* _Instructions to follow_
Would you transcribe the listing that follows word for word, skipping pictures?

* _Supplied information_
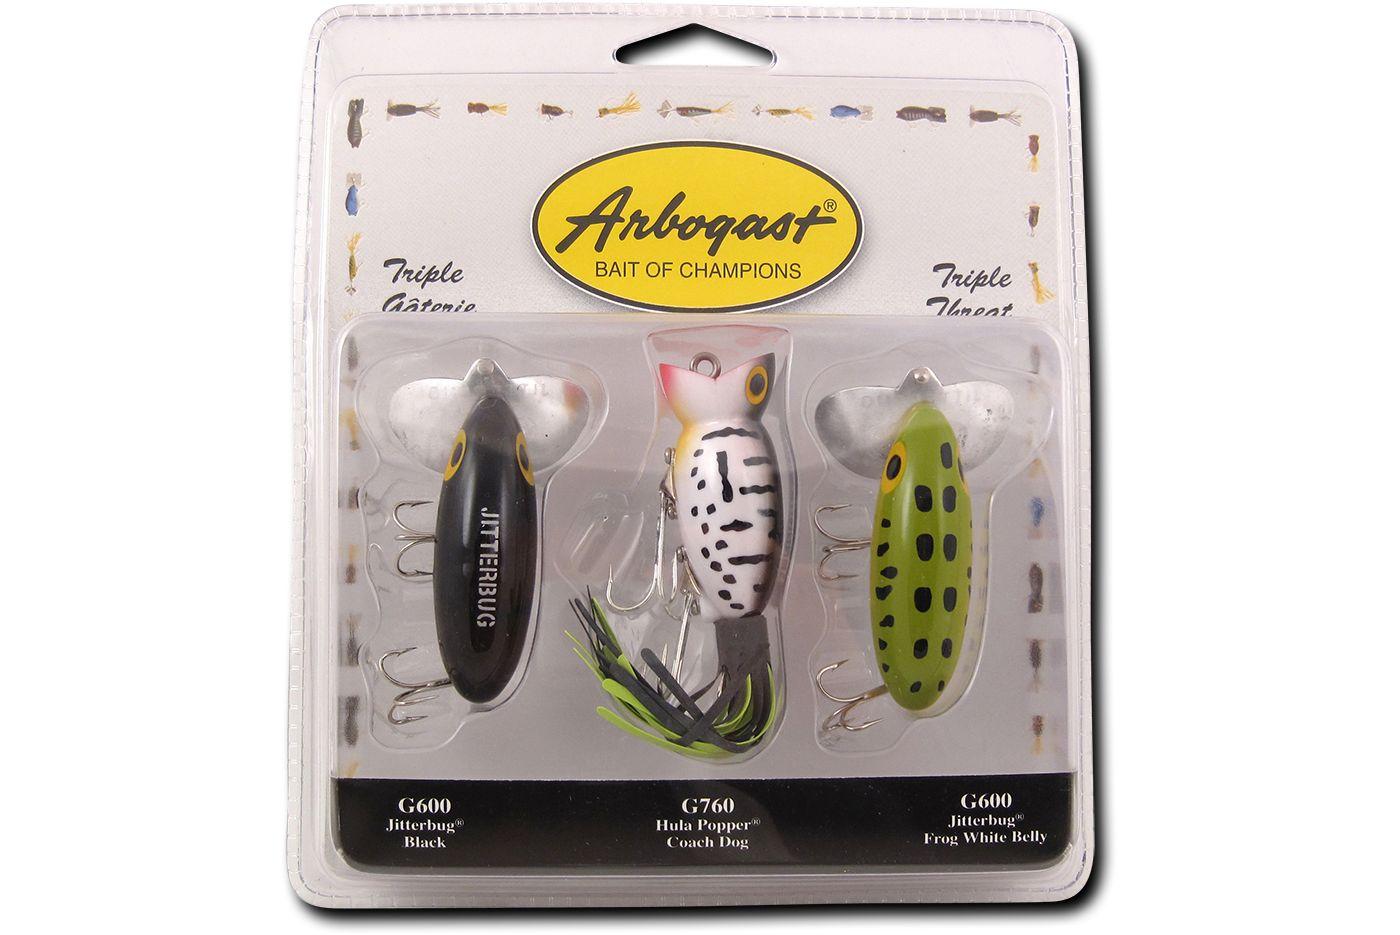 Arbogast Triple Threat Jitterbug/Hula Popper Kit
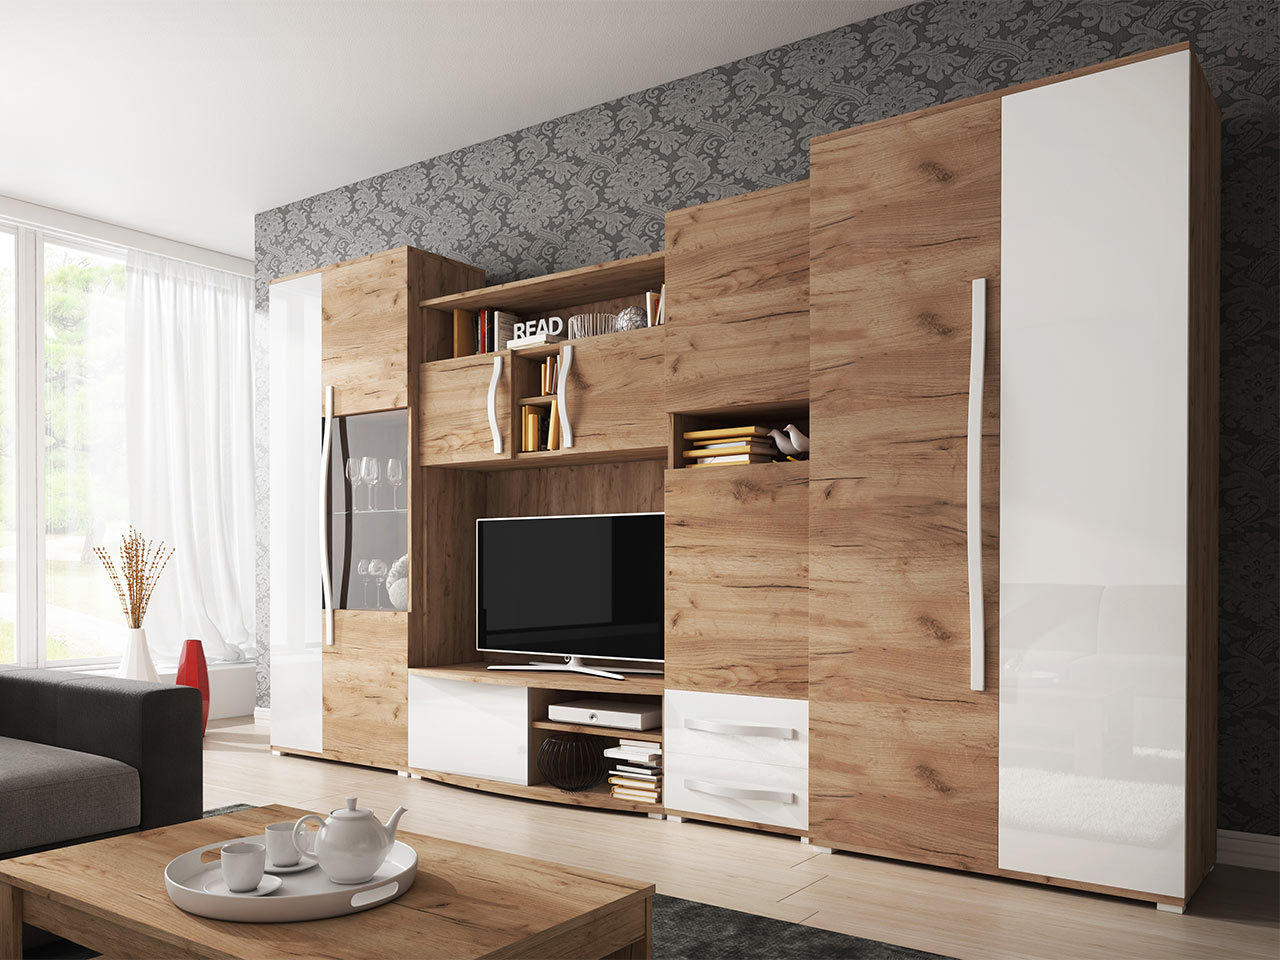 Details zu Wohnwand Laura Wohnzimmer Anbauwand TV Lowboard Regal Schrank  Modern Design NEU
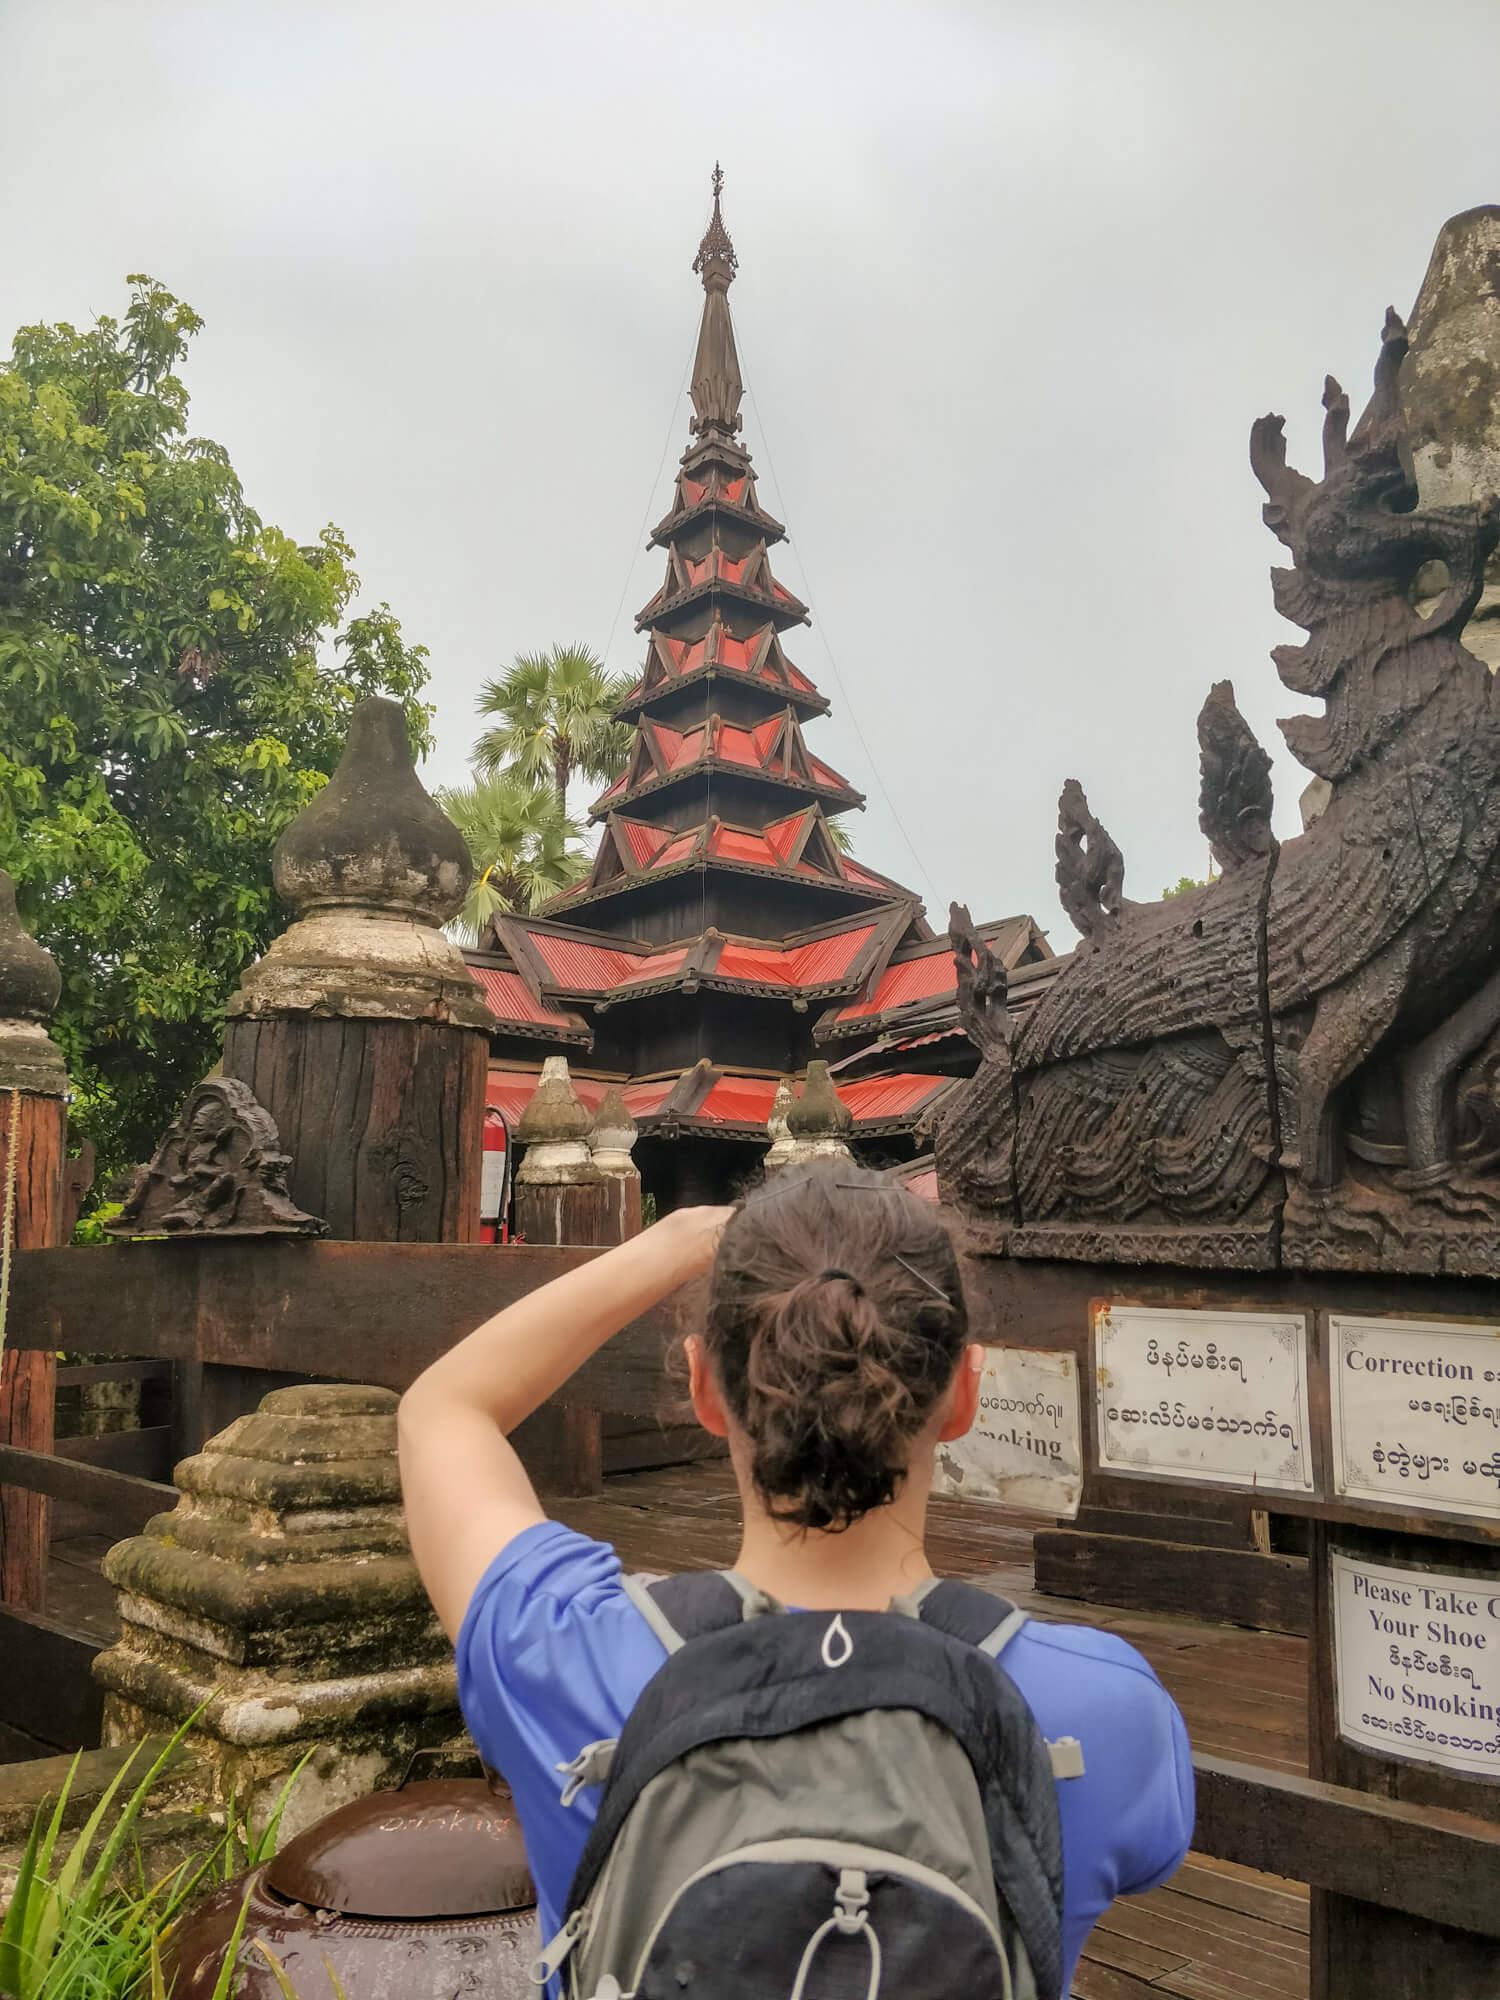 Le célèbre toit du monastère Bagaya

* _Exercise result_
 Arbogast Triple Threat Jitterbug/Hula Popper Kit
 Details zu Wohnwand Laura Wohnzimmer Anbauwand TV Lowboard Regal Schrank  Modern Design NEU
 Le célèbre toit du monastère Bagaya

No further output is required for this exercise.